Wild-type Arabidopsis plants were grown as described on LNM supplemented with 10 μM BA, 100 μM AgNO₃, 10 μM BA plus 100 μM AgNO₃, 5 μM NPA, or 10 μM BA plus 5 μM NPA. The non-supplemented LNM medium was used as control. After 10 days, hypocotyls plus cotyledons of about 80 seedlings were pooled per sample.
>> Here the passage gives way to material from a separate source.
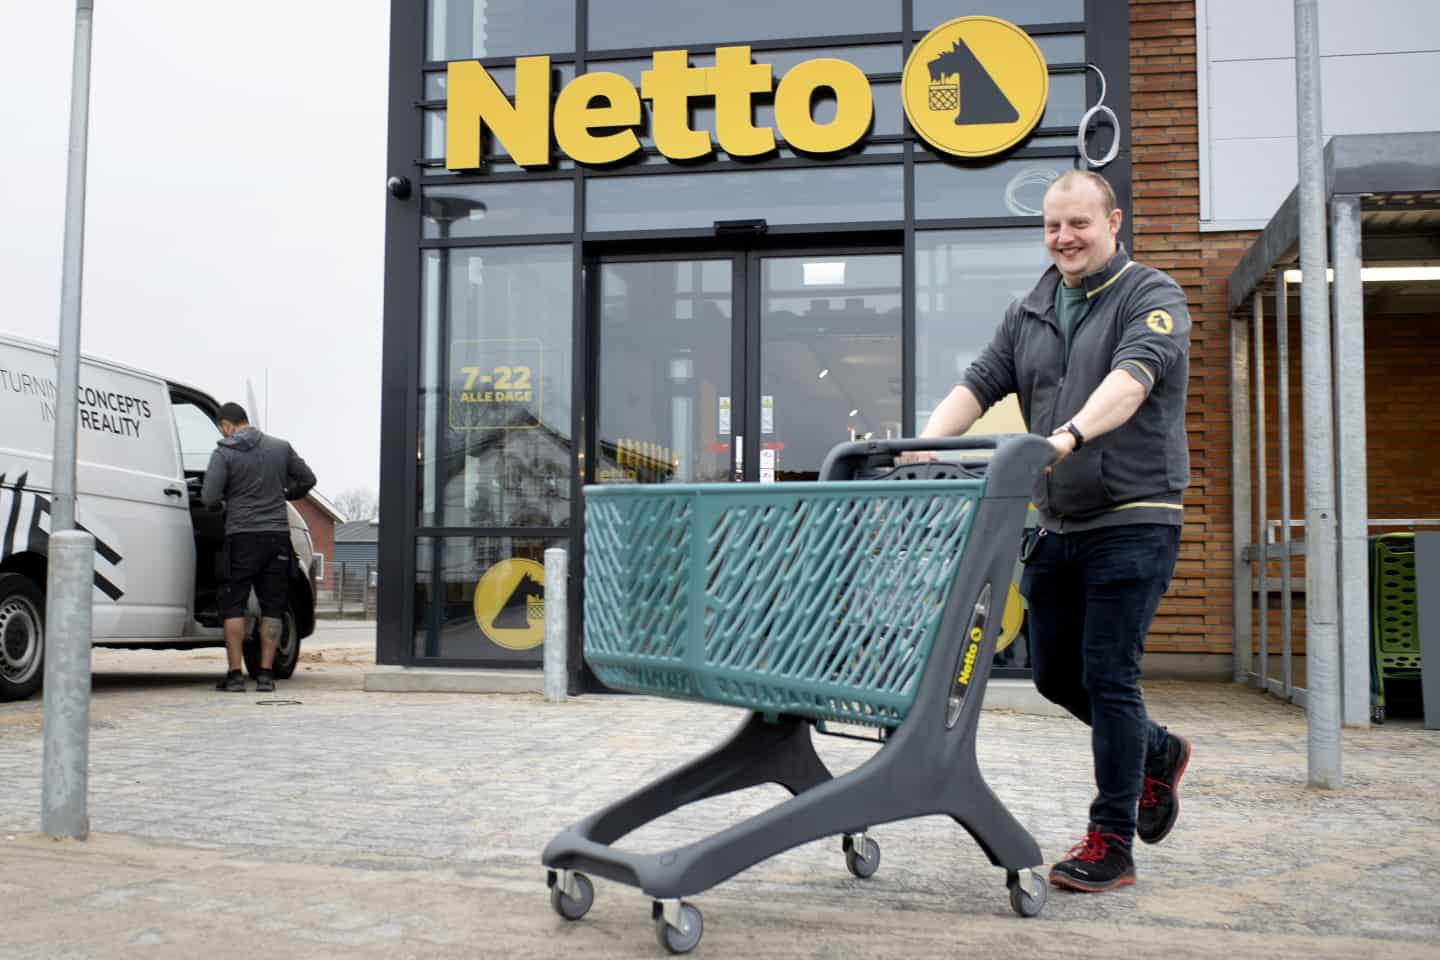 Niels fjerner om Netto: - Du må gerne høje forventninger | jv.dk

The samples were weighed, immediately frozen in liquid nitrogen and stored at −70°C. Three replicates were used for each treatment.
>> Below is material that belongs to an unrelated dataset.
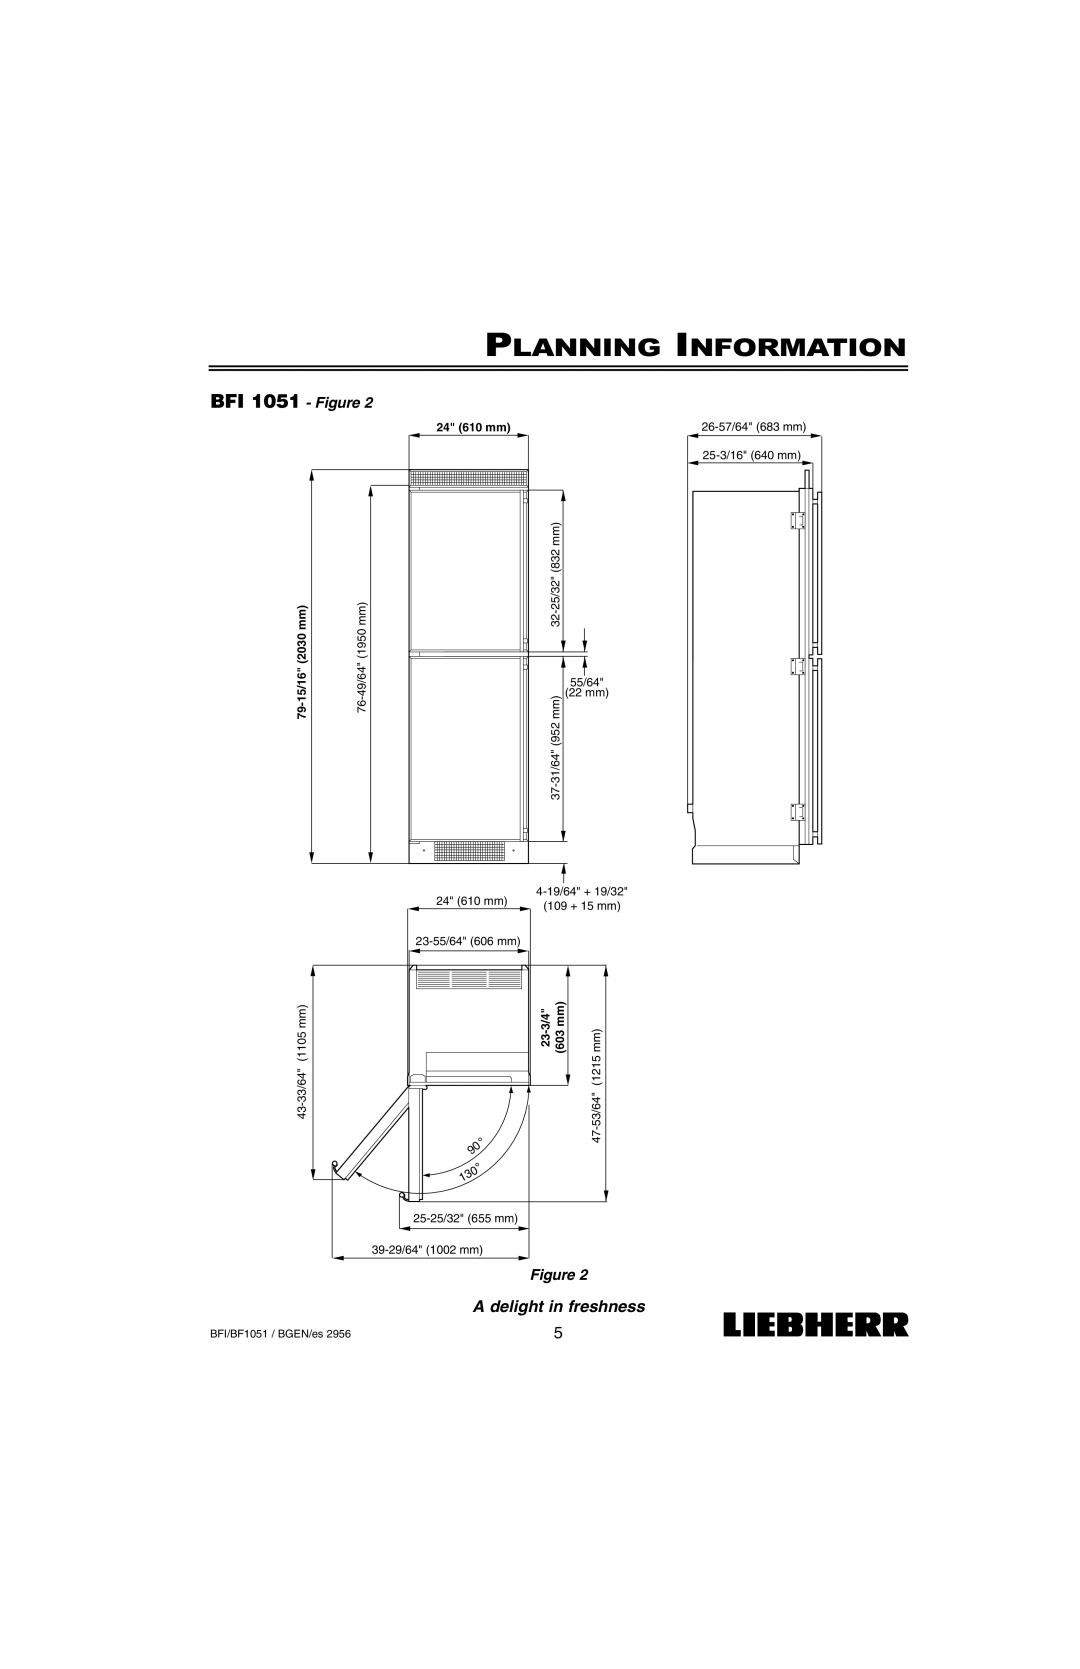 Liebherr BF1051 BFI 1051 - Figure, Planning Information, 55/64, 22 mm, 37-31/64952, 24 610 mm, 4-19/64+ 19/32, 109 + 15 mm

Samples were ground in liquid nitrogen, transferred into 80% methanol and extracted overnight at −20°C. Phenyl-¹³C₆-IAA (10 pmol; Cambridge Isotope Laboratories Inc., Andover, MA, USA) and ²H₄-ACC (10 pmol; Sigma) were added for isotope-dilution purposes. After centrifugation (24,000 g, 15 min, 4°C), IAA and ACC were further purified by a combined solid-phase extraction procedure (Prinsen et al. 2000; Persson and Näsholm 2001). While IAA was methylated prior to analyses (Prinsen et al. 2000), ACC was derivatised by pentafluorobenzyl bromide (Sigma; Netting and Duffield 1985). Quantification was done by microLC–(ES⁺)MS/MS in MRM mode for IAA (Prinsen et al. 1998) and GC–(CI⁻)MS in SRM mode for ACC (Smets et al. 2003). The chromatograms obtained were processed by means of Masslynx software (Micromass). Concentrations were expressed in picomoles per gram fresh weight.

Results

Cytokinins induce hypocotyl elongation when ethylene action is blocked

Adding 1 μM or 10 μM BA had no effect on the growth of hypocotyls of wild-type seedlings grown on LNM (Table 1). Supplementing 100 μM Ag⁺, a concentration used for blocking ethylene perception (Vandenbussche et al. 2003), however, caused a small (14%) yet significant decrease in the hypocotyl length. This effect was completely abolished by adding 1 μM BA to the Ag⁺-treated seedlings, and in the presence of 10 μM BA the hypocotyls of the Ag⁺-treated seedlings were even significantly longer (23%) than the hypocotyls of the untreated wild type. Figure 1 illustrates the phenotypes of the 10-day-old Arabidopsis seedlings grown on LNM (Fig. 1a) and on LNM supplemented with BA (Fig. 1b), Ag⁺ (Fig. 1c) or BA plus Ag⁺ (Fig. 1d).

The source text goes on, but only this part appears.